Гонец замялся. Имя было ему трудно, он его, видно, слышал два раза и оба раза от чужих.
— Мазовша, — сказал отец.
Он сказал это раньше, чем гонец открыл рот, и сказал негромко, сидя, никому.
Гонец кивнул.
— Так, государь. Мазовша.
В сенях никто не сказал ничего. Я стоял и вспоминал июль. Перелаз, сотню, воду, чужое лицо в трёх шагах, которого я не запомнил. Он ушёл за реку тогда, и я даже не спросил, кто там был. Мне было не до того: меня везли в шатёр без памяти.
Эти недели он не собирал войско, а ездил по кочевьям и рассказывал.
— Он у меня посад жёг, — сказал отец.
Больше он про это ничего не сказал ни в тот день, ни после.

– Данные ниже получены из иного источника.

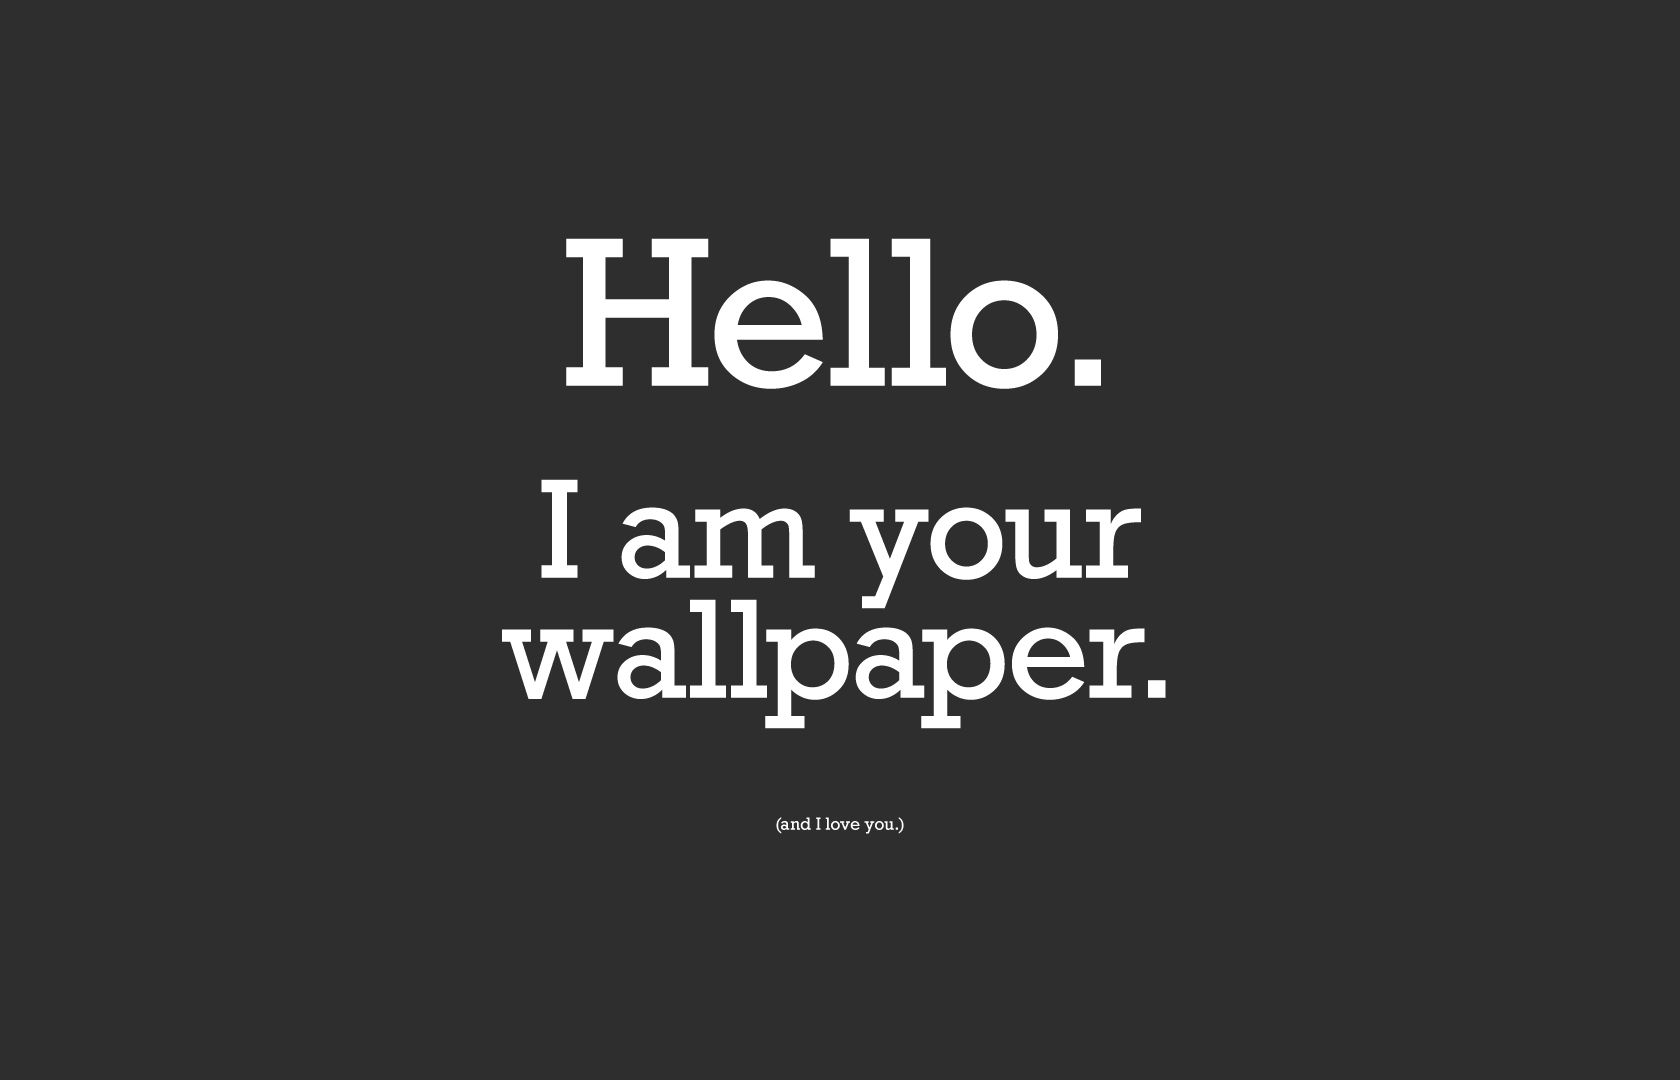 Picture Hello Hd Funny Idwallpics Com Funny Quotes Wallpaper Funny Phone Wallpaper Funny Wallpapers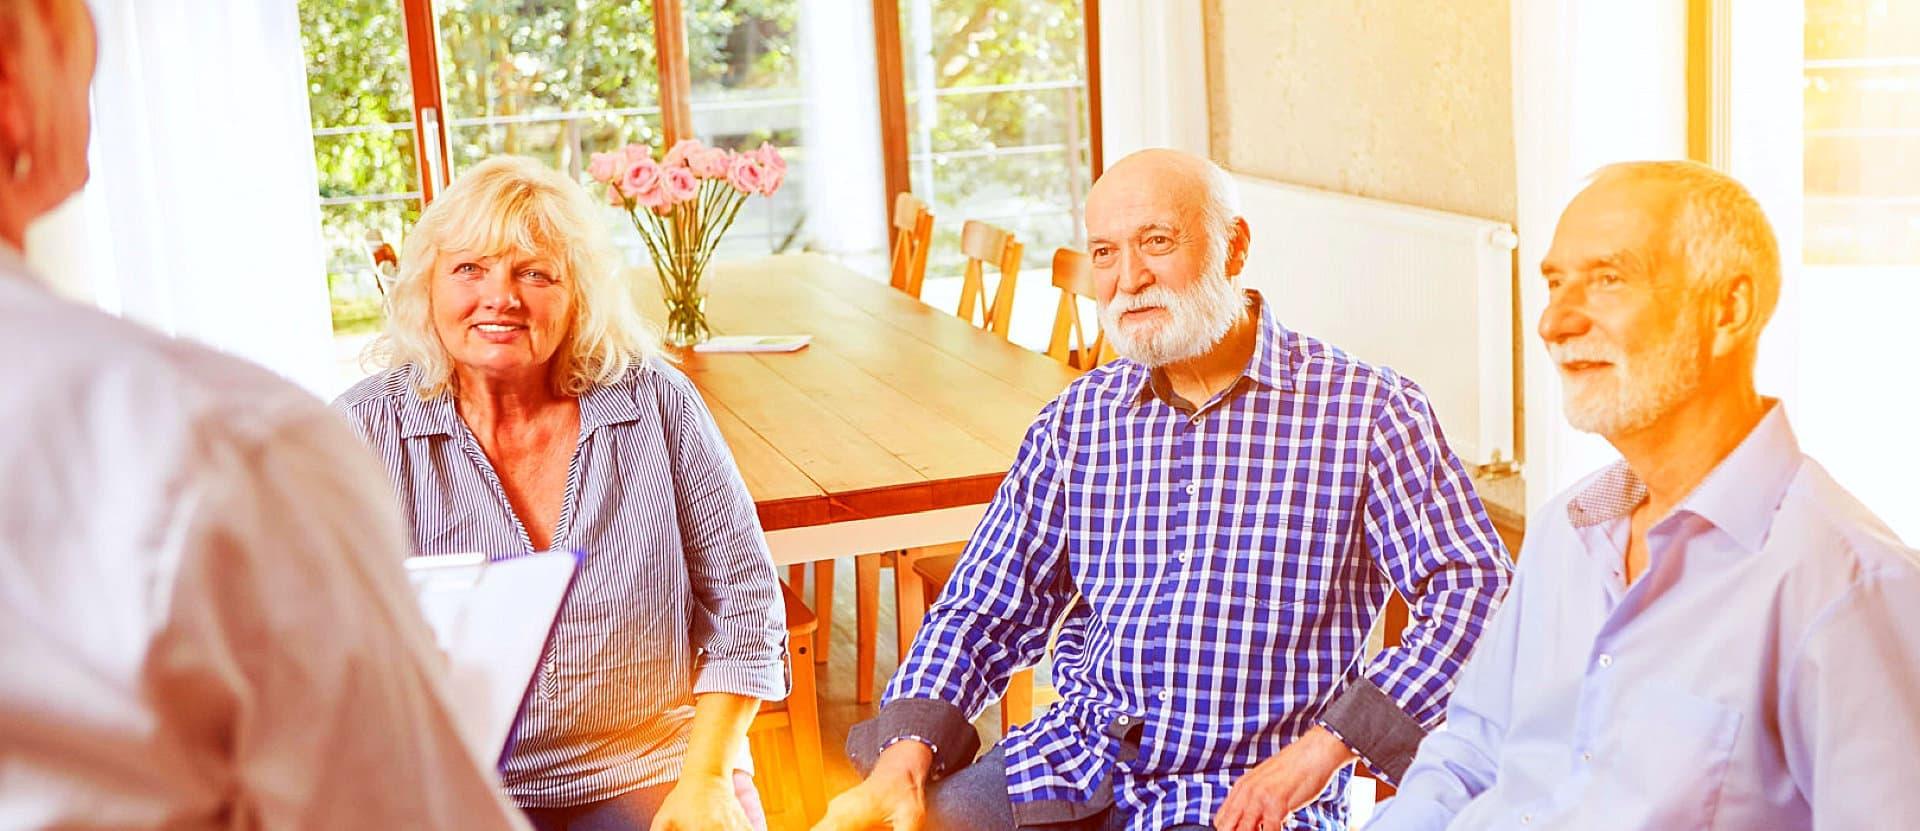 elderly listening together

Я стал спрашивать гонца, потому что спрашивать было надо, а больше было некому. Звали его Ондрей, был он от коломенского воеводы, а не от брата, и грамотку вёз воеводскую; Юрьево слово ему передали изустно, отдельно, уже в седле. Шёл он на подставах, менял коней трижды, вышел позавчера в полдень.
— Кто видел?
— Сторожа видела, государь. Наши, из-за реки. Двое пришли, третий остался глядеть.
— Где стояли?
— В поле, у Чуровых могил, — сказал он и посмотрел на меня, не знаю ли я. Я не знал. — Оттоль до реки вёрст двести.
— Пыль давно стоит?
— С полудня и до вечера, и назавтра с утра. Оттого и говорят, что орда.
Вот это была правда, и очень неприятная. Сторожа считает по пыли, а пыль от двух тысяч коней и от восьми тысяч выглядит одинаково: стоит и стоит. Сколько там на самом деле, узнают на реке.
Зато другое сходилось.
Ватагу сторожа не видит и видеть не может. Сотня идёт ночами, поит коней порознь, к воде спускается по одному и пыли не даёт. В июле никто ничего не проспал. Бере́г устроен против орды, а против сотни он слеп. Я это знал за пятьсот лет до того, как меня по этому месту ударили. Орду сторожа видят всегда. Тысячи коней не спрячешь.
Двести вёрст. Орда с заводными идёт по тридцать верст день и быстрее не пойдёт: коней надо поить и кормить, а трава в конце августа уже не та. Значит, семь дней. Двое из них гонец уже съел.
Пять дней. Может, шесть.
Ондрея увели кормить. Он шатался и держался за косяк, и я велел, чтобы его положили спать и не будили до вечера.
Отец сидел ещё немного, потом встал сам, без руки.
— Созывай, — сказал он Патрикееву. — Всех кто в городе.
Сидели в тот же день, ввечеру, в малой палате.
Собрали тех, кто был в городе, и в городе оказалось больше народу, чем я думал. Конец августа, Госпожин день прошёл (Госпожин день — Успение, пятнадцатое августа), пост кончился, но все по вотчинам разъехаться ещё не успели.
Патрикеев сел ближе всех к отцу, как всегда. Василий Иванович Оболенский сел против него, тяжело, с палкой между колен. Басёнок у окна, на том же месте, что и в прошлый раз. Ряполовский, старший из трёх. Ховрин. Челяднин. Бородатый сел с краю, с чернильницей у пояса, и весь вечер писал. Стрига пришёл последним и сел, не выбирая места.
Ощера стоял у дверей и не садился, потому что ему там и место. Отец велел сказать про весть, и сказал я, второй раз за день. Говорить было нечего: двести вёрст, пыль, имя.
На имени палата шевельнулась вся разом. Второго июля пятьдесят первого года Мазовша пришёл к Москве внезапно. Сторожи его не упредили вовсе, отец был в отъезде за Волгой, в городе сидели мать, митрополит Иона и рать, какую успели собрать. Посад выгорел за один день, весь. Ночью татары ушли сами, никем не гонимые, и почему ушли того до сих пор не знает никто.
Летописец записал: скорая татарщина. Сгорело за день, кончилось за ночь.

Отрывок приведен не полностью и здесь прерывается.